Wednesday

Feb. 18, 2009


History of Desire

by Tony Hoagland

When you're seventeen, and drunk
on the husky, late-night flavor
of your first girlfriend's voice
along the wires of the telephone

what else to do but steal
your father's El Dorado from the drive,
and cruise out to the park on Driscoll Hill?
Then climb the county water tower

and aerosol her name in spraycan orange
a hundred feet above the town?
Because only the letters of that word,
DORIS, next door to yours,

in yard-high, iridescent script,
are amplified enough to tell the world
who's playing lead guitar
in the rock band of your blood.

You don't consider for a moment
the shock in store for you in 10 A.D.,
a decade after Doris, when,
out for a drive on your visit home,

you take the Smallville Road, look up
and see RON LOVES DORIS
still scorched upon the reservoir.
This is how history catches up—

by holding still until you
bump into yourself.
What makes you blush, and shove
the pedal of the Mustang

almost through the floor
as if you wanted to spray gravel
across the features of the past,
or accelerate into oblivion?

Are you so out of love that you
can't move fast enough away?
But if desire is acceleration,
experience is circular as any

Indianapolis. We keep coming back
to what we are—each time older,
more freaked out, or less afraid.
And you are older now.

You should stop today.
In the name of Doris, stop.

"History of Desire" by Tony Hoagland, from Sweet Ruin. © The University of Wisconsin Press, 1992. Reprinted with permission. (buy now)

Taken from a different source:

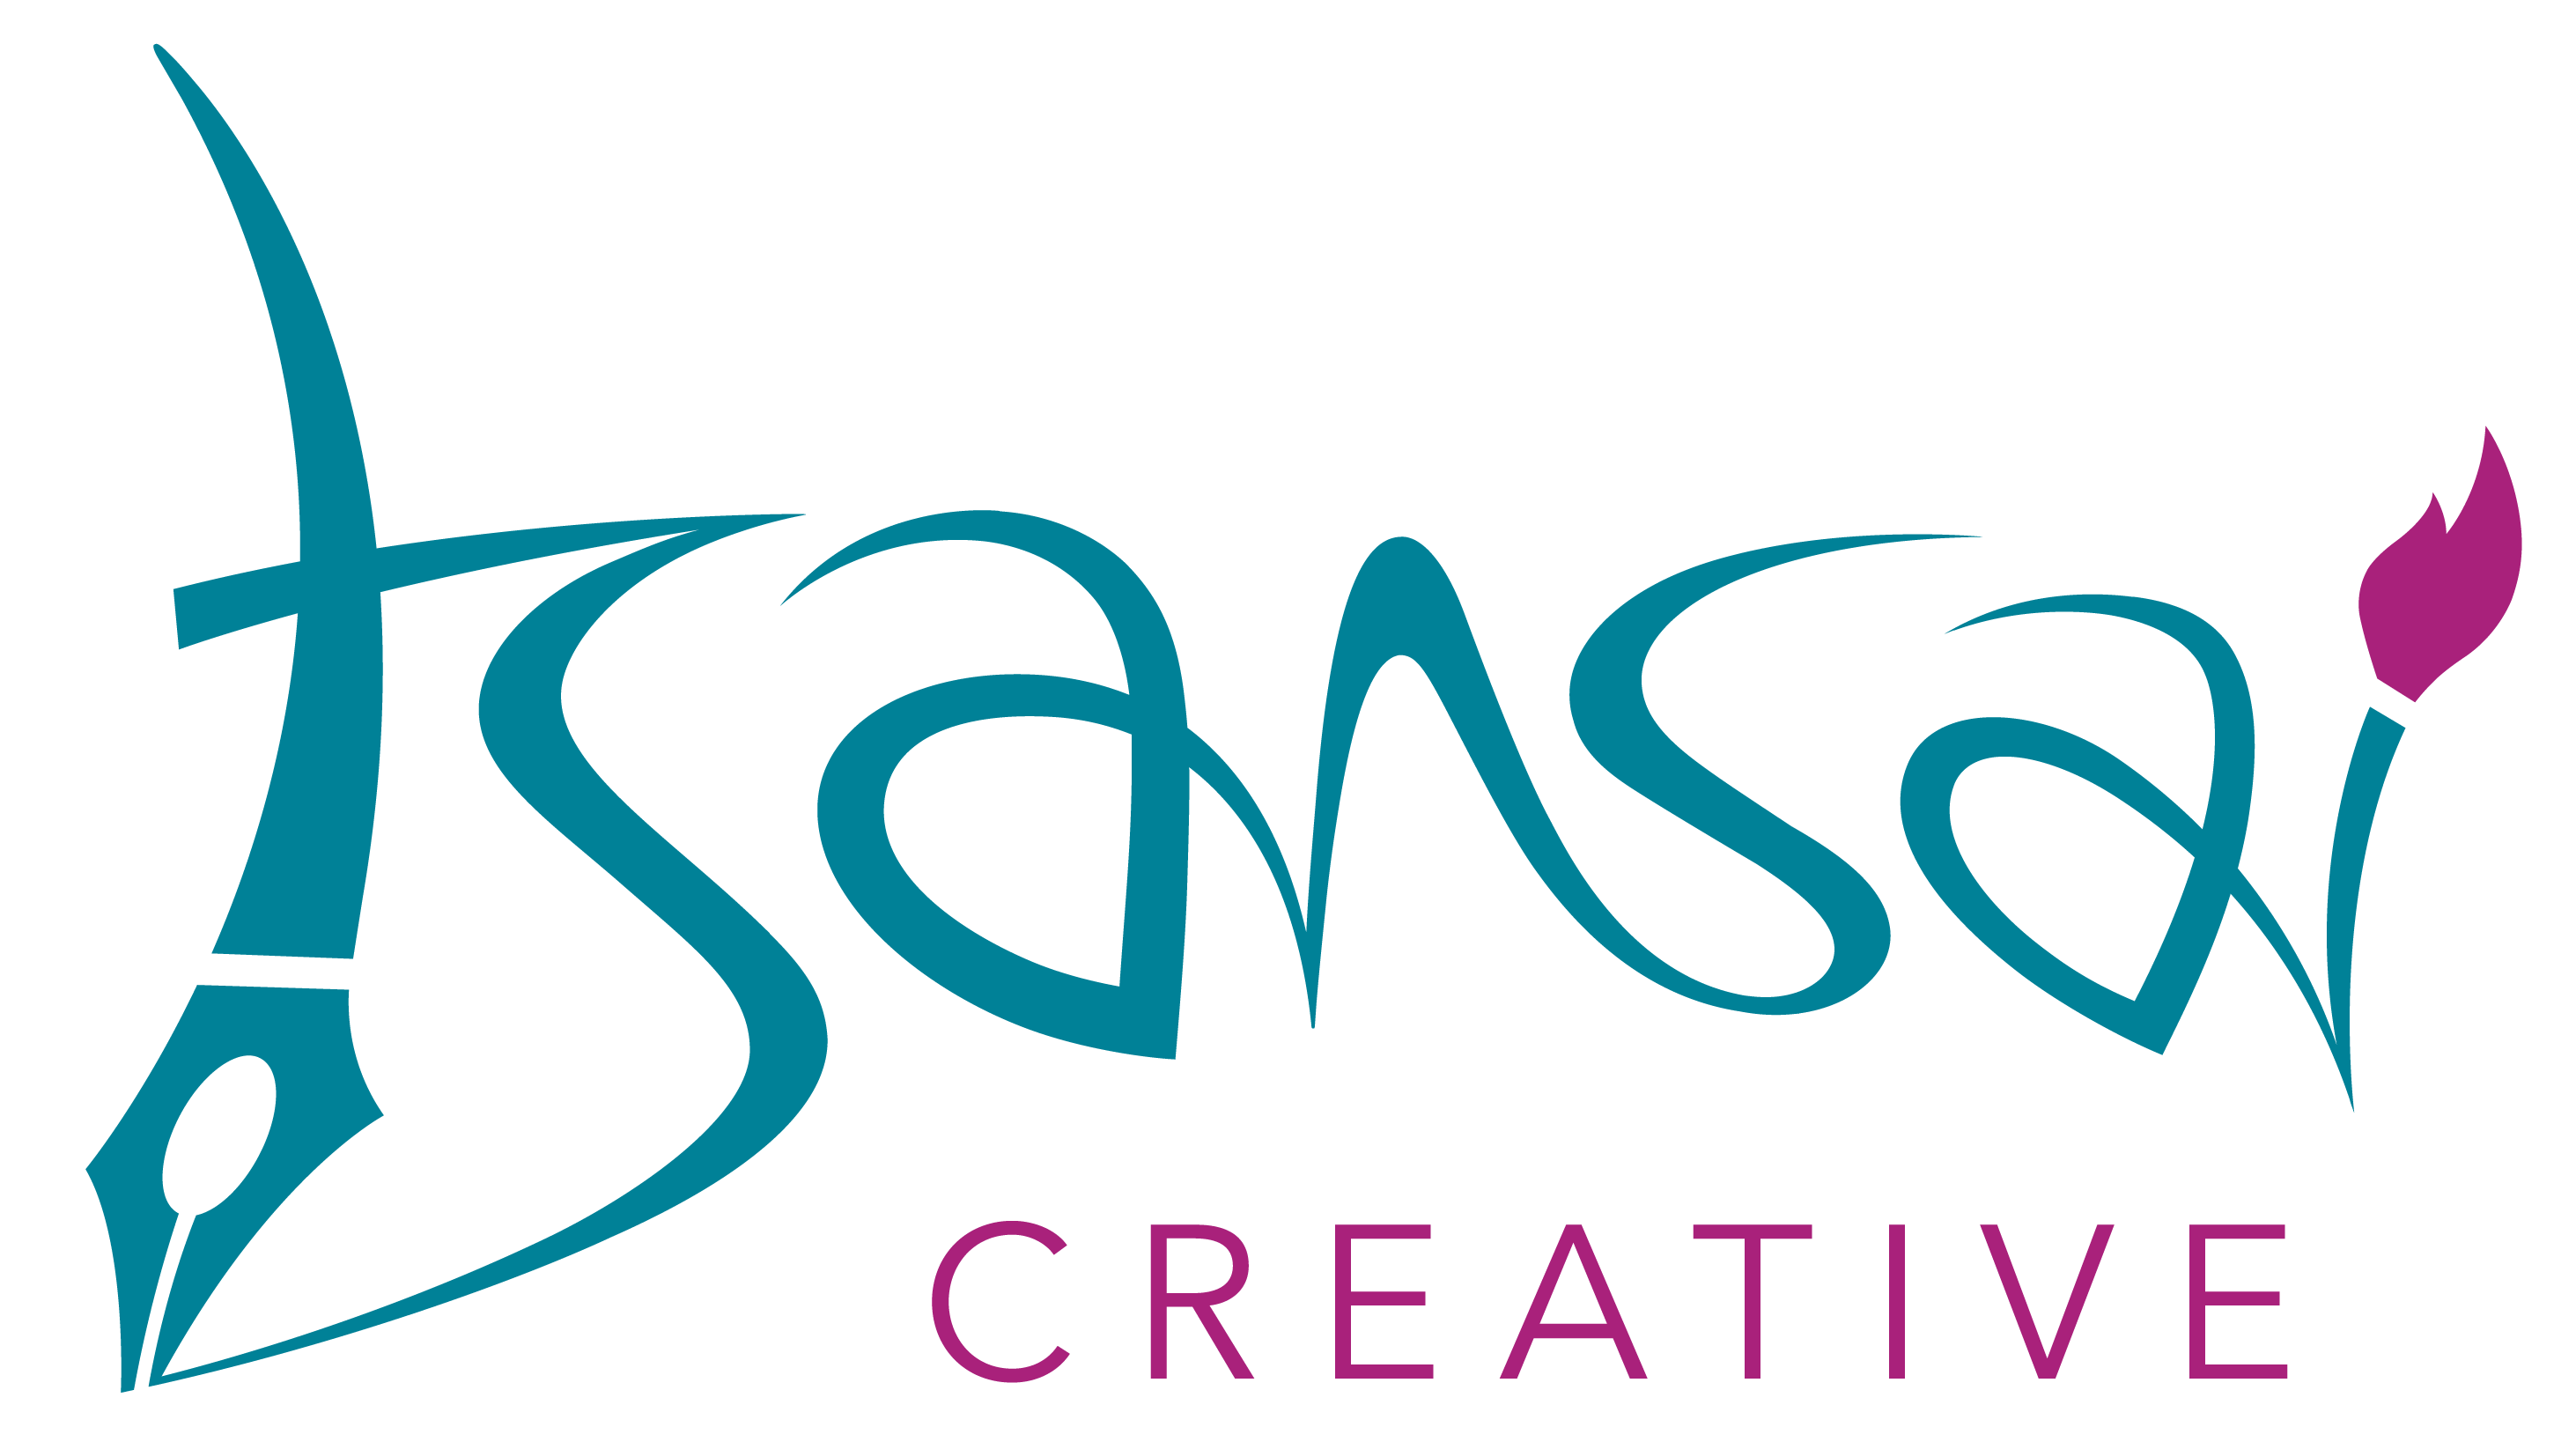 Tsansai Creative Services

It's the birthday of Toni Morrison, (books by this author) born in Lorain, Ohio (1931). She started writing when she was in her thirties, unhappily married, working as an editor, and raising two children. She said, "It was as though I had nothing left but my imagination. I wrote like someone with a dirty habit. Secretly. Compulsively. Slyly." She went on to write nine novels, including The Bluest Eye (1969), Song of Solomon (1977), Beloved (1987), and in 2008, A Mercy. In 1993, she won the Nobel Prize for Literature.

It's the birthday of poet and novelist Nikos Kazantzakis, (books by this author) born on the island of Crete in Greece (1883). When he was in his 60s, he finally got his break as a writer when he published Zorba the Greek (1946), a novel about an intellectual who travels to Crete with his peasant friend Zorba to manage a group of mine workers. Then he wrote The Last Temptation of Christ (1955), the story of the crucifixion from Jesus' point of view.

It's the birthday of novelist Wallace Stegner, (books by this author) born in Lake Mills, Iowa (1909). His father had big dreams of striking it rich in a Western boomtown, so the family moved around constantly while he tried his hand at various harebrained schemes — farming in North Dakota, running a lunchroom in the backwoods of Washington state, bootlegging liquor in Montana, selling redwood trees in California as firewood, and using the family's savings in an attempt to invent a machine that would detect gold in the ground. It wasn't an easy childhood for young Wallace, but he grew to love the West, and wrote about it in many of his novels. His books include The Big Rock Candy Mountain (1943), Angle of Repose (1971), and The Spectator Bird (1976).

It's the birthday of Caribbean-American poet Audre Lorde, (books by this author) born on this day in New York City in 1934. Her books include From a Land Where Other People Live (1972) and The Black Unicorn (1978).